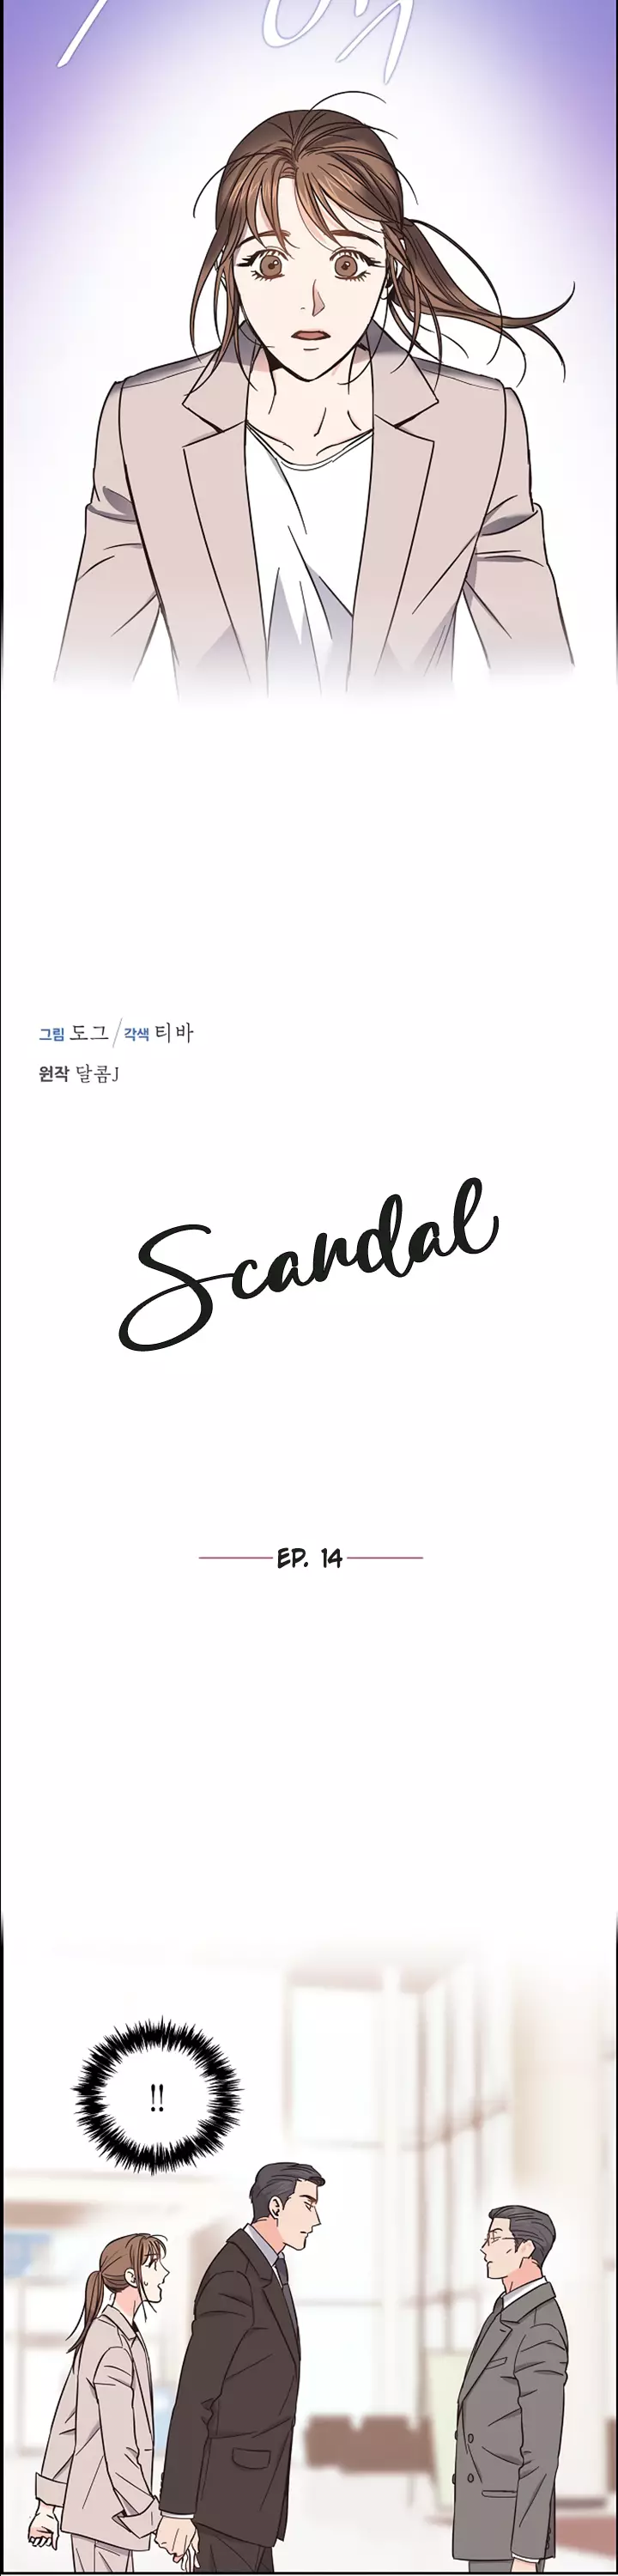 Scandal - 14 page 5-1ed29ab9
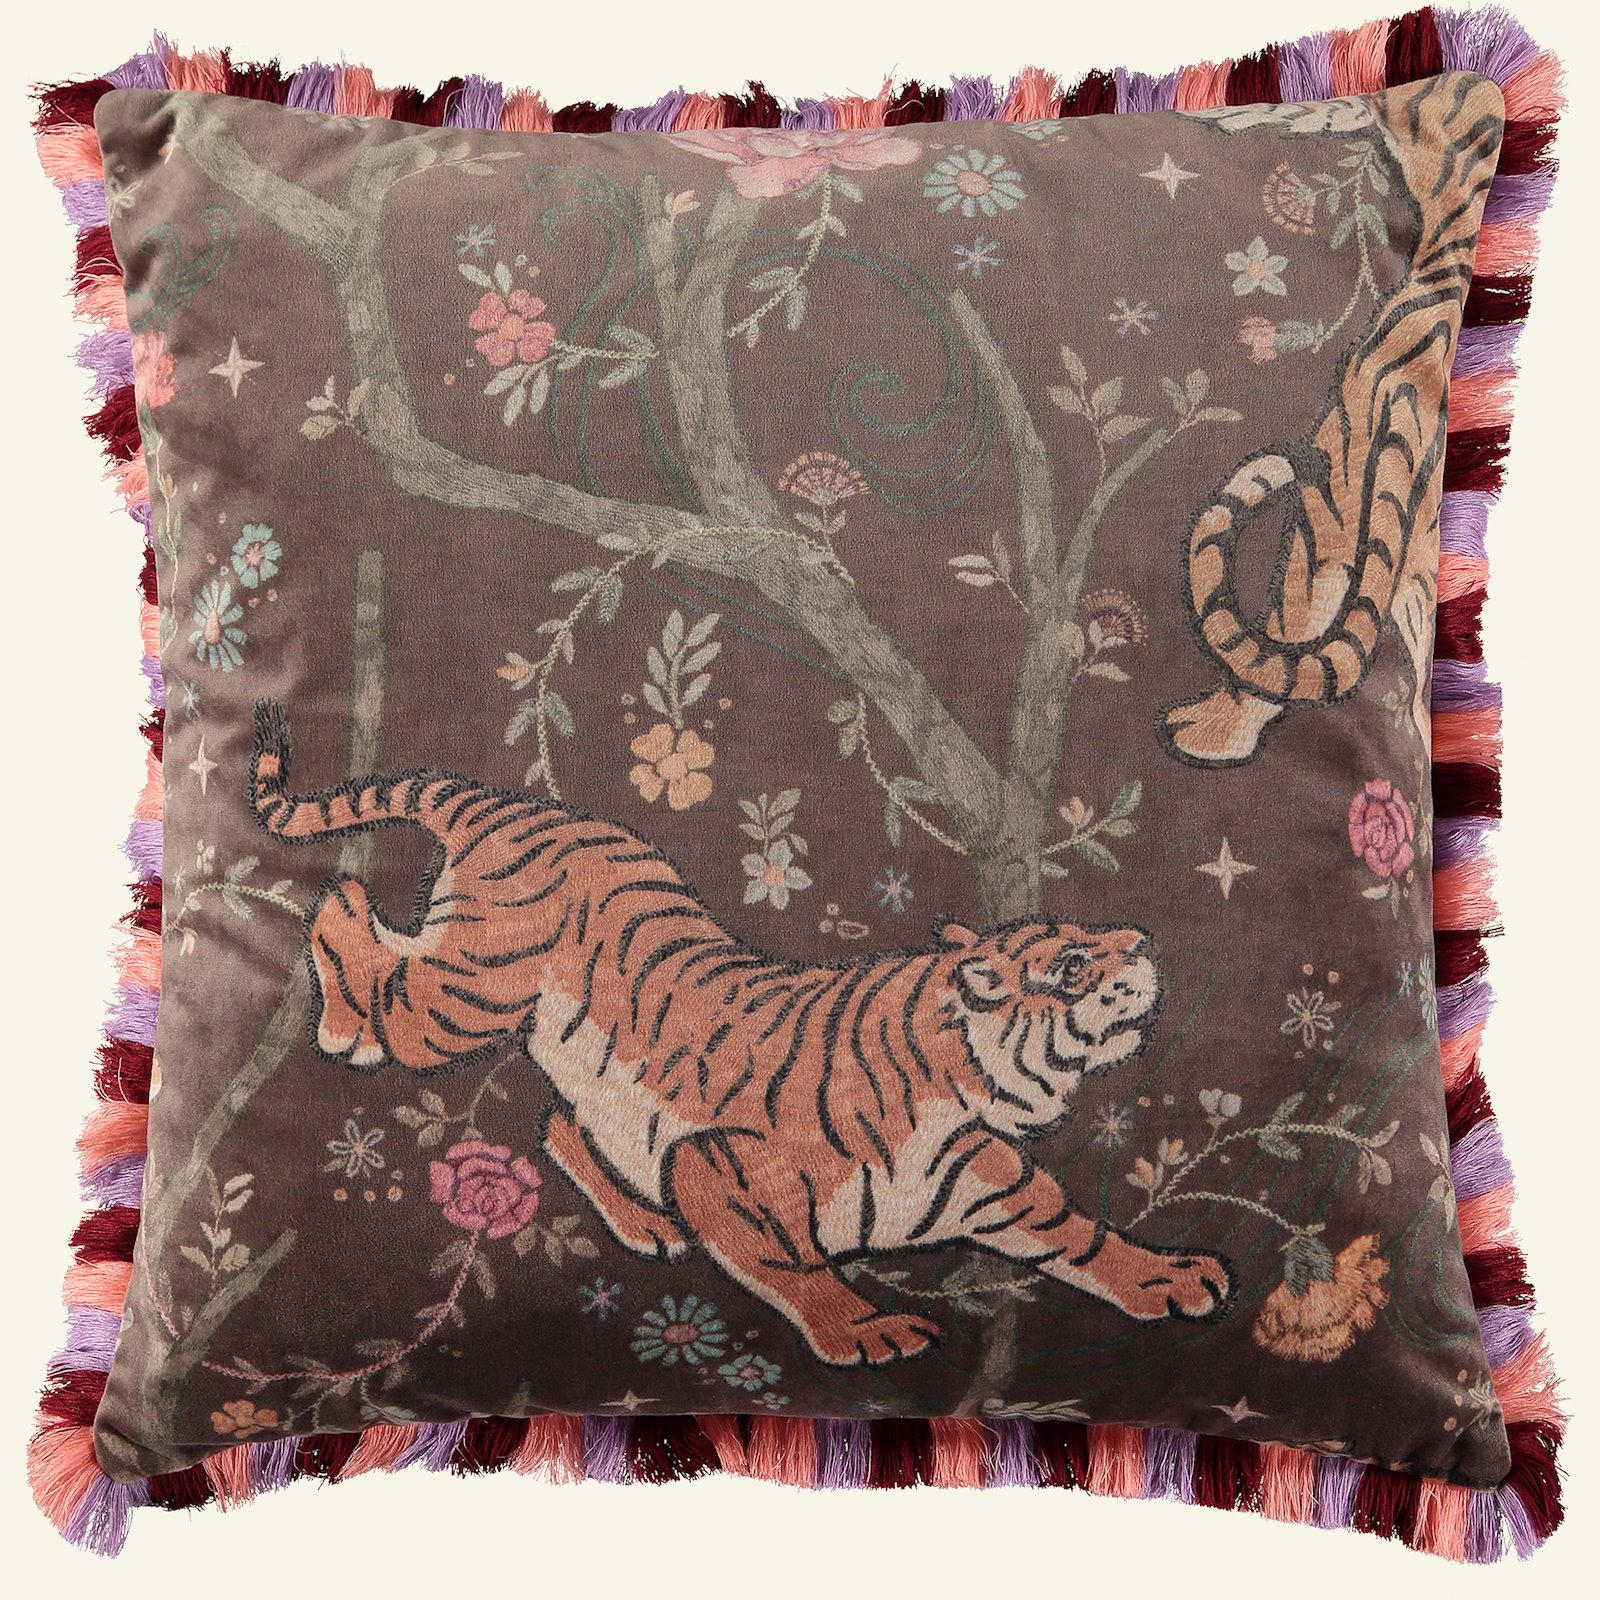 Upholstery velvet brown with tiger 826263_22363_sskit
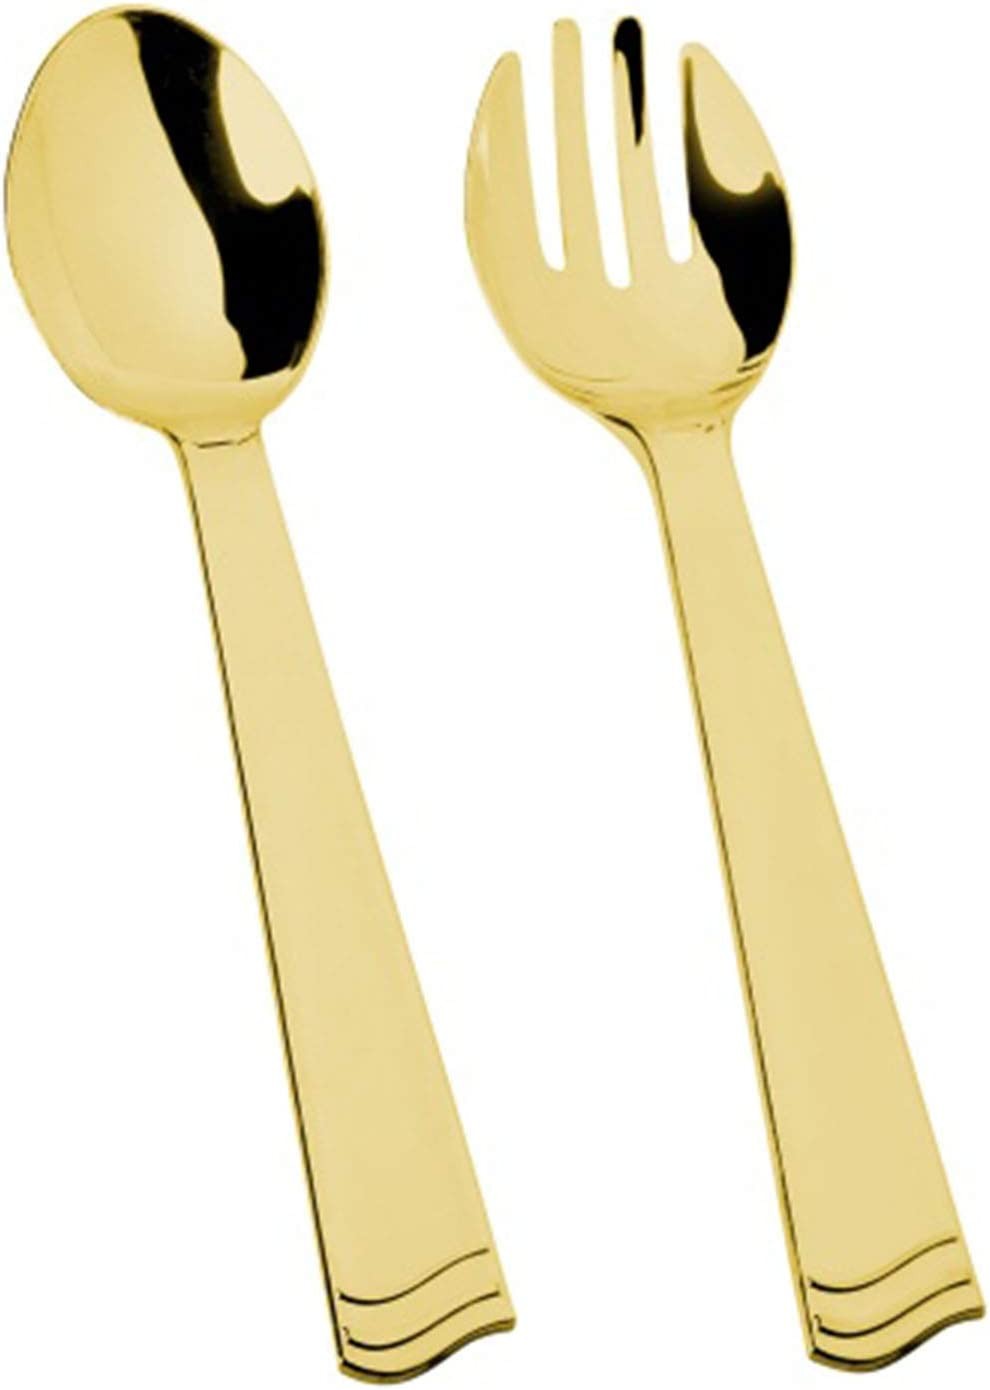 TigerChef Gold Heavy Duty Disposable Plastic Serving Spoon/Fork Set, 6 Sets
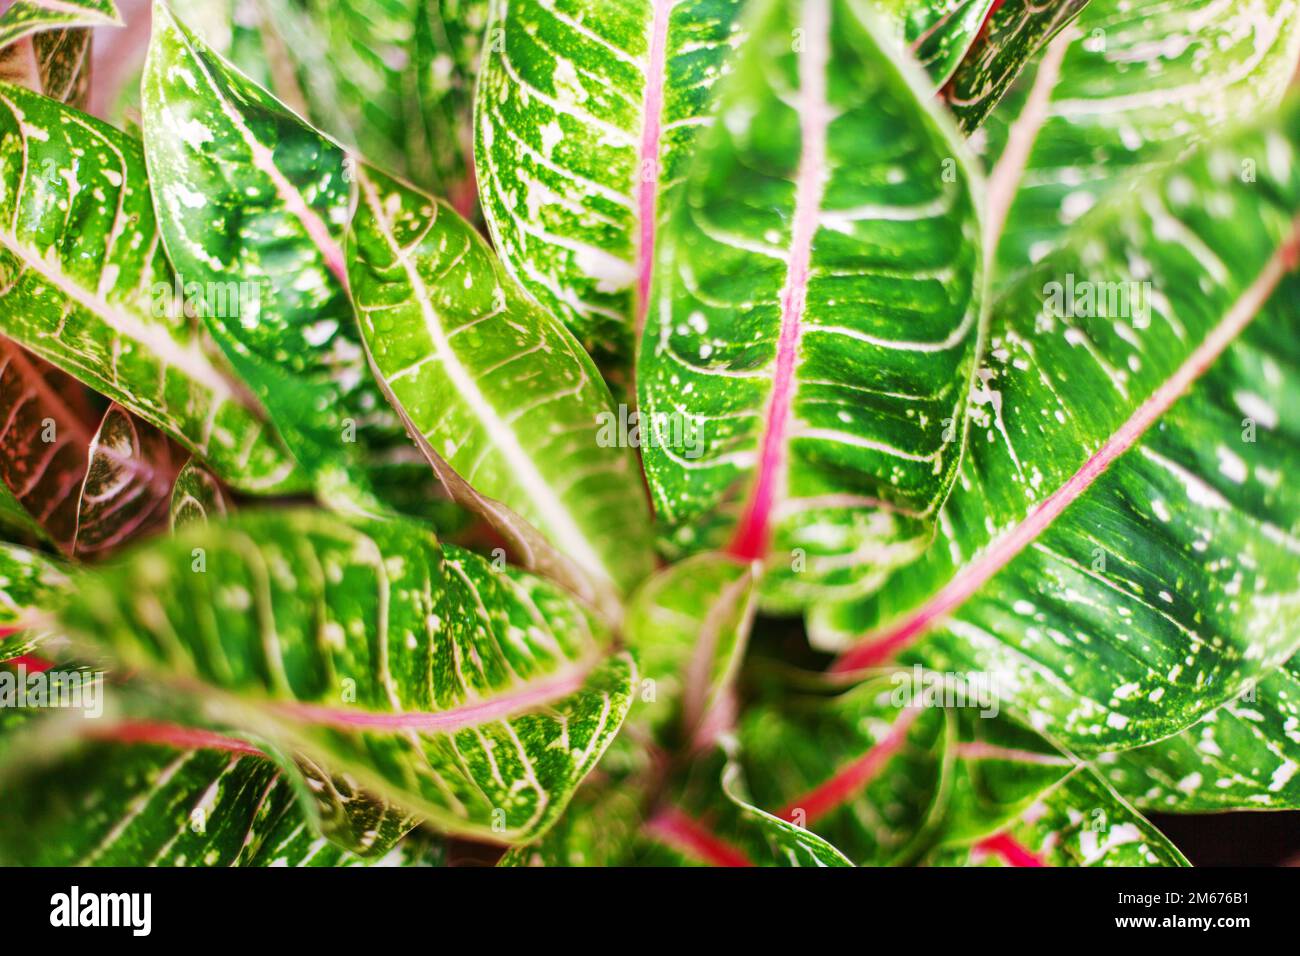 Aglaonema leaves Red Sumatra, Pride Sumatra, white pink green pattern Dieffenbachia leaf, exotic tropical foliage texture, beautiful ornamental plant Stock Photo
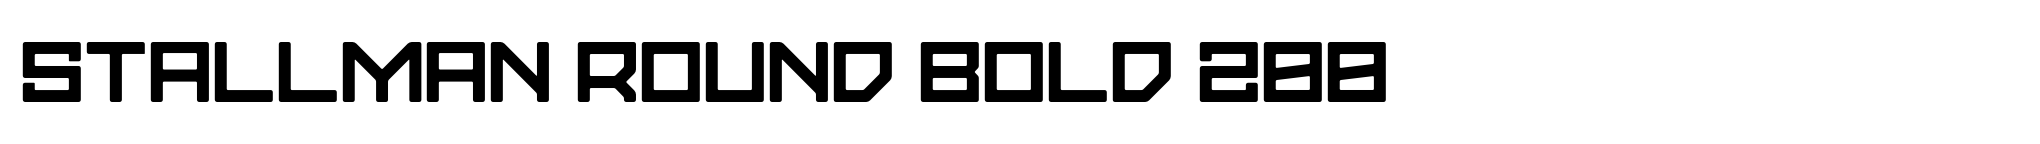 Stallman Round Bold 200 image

+--

> _WHAT YOU NEED TO DO_:
With the pictures excluded, transcribe word for word only the lines from the one containing "TigerChef Gold Heavy" through the last line of the records.

> _RESPONSE BELOW_:
 TigerChef Gold Heavy Duty Disposable Plastic Serving Spoon/Fork Set, 6 Sets
 Aglaonema leaves Red Sumatra, Pride Sumatra, white pink green pattern Dieffenbachia leaf, exotic tropical foliage texture, beautiful ornamental plant Stock Photo
 Stallman Round Bold 200 image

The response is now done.